In Colorado, for the first time since the 2012 Aurora theater shooting, which led Democratic lawmakers here to ban high-capacity gun magazines the following year and resulted in recall elections that pushed out two lawmakers who led the charge, gun issues in Colorado have played an outsized role in state politics on both sides of the debate. The state’s Republican House Minority Leader, Rep. Patrick Neville, a Columbine survivor, met with Trump shortly after Democrats here killed a bill he wrote that would have allowed concealed weapons in schools.

Last week, following hours of emotional testimony, Republicans in the Colorado Senate killed a bill that would have banned bump stocks. The vote came down 3-2 in a GOP-controlled committee and fell along party lines.

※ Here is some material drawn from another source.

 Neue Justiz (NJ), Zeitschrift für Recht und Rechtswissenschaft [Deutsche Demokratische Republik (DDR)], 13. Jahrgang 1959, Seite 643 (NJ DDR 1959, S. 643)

“Government can rarely make a big impact on these issues,” said Republican Sen. Owen Hill of conservative El Paso County who is running for Congress. He said he came down on the side of freedom. Fellow Republicans on the panel Vickie Marble of Fort Collins and Jerry Sonnenberg of Sterling voted with him to squash the proposed law, which was introduced by Colorado Springs Democratic Sen. Mike Merrifield, a vocal gun-safety advocate.

Republicans control the state Senate by one seat, which means leadership can assign bills to certain committees, known as “kill committees,” which is where the bump-stock ban bill wound up.

Related: Littwin: State Senate’s decision to kill bump-stock ban should count as campaign gift for Dems

Gun politics has also taken root on the campaign trail in this year’s big governor’s race in the aftermath of the Parkland, Florida school shooting that left 17 dead on Valentine’s Day.

For the Democrats running for governor in Colorado, gun bans take center stage

While the leading Democratic candidates for governor are all on the same page on banning them, a Colorado Independent survey of the Republicans running showed some daylight.

Attorney General Cynthia Coffman, for instance, says if she was governor she would sign a state law banning them.

“I don’t think we should have bump stocks,” she said.

That’s a bit different than State Treasurer Walker Stapleton’s stance. While he says he supports Trump’s decision to ban them through the ATF, “I do not support legislative action by the state.”

Doug Robinson, a retired investment banker and first-time candidate, says he would ban bump stocks at the state level, according to a campaign spokeswoman who said Robinson believes allowing their use is a loophole that should be closed.

Republican Larimer County Commissioner Lew Gaiter said he would not sign a bill banning bump stocks if he were governor. “I think the people are the problem not the guns,” he said.

Steve Barlock, who once said the only thing that could turn him against Trump was if Trump turned against the NRA, says he would look to how the president ends up handling bump stocks.

“Right now I can understand my farmers wanting bump stocks to shoot prairie dogs on farms because it makes it a little easier,” he said. But, “I’ll follow Donald Trump’s lead on bump stocks.”

Republican Greg Lopez, the former mayor of Parker, says he is undecided on the issue and would have to look more closely at any piece of potential legislation before weighing in. It could be a slippery slope, he says.

A spokesman for Attorney General Cynthia Coffman’s campaign said she was unavailable to answer by the time this story was posted, and a spokeswoman for businessman Barry Farah didn’t immediately respond to a message.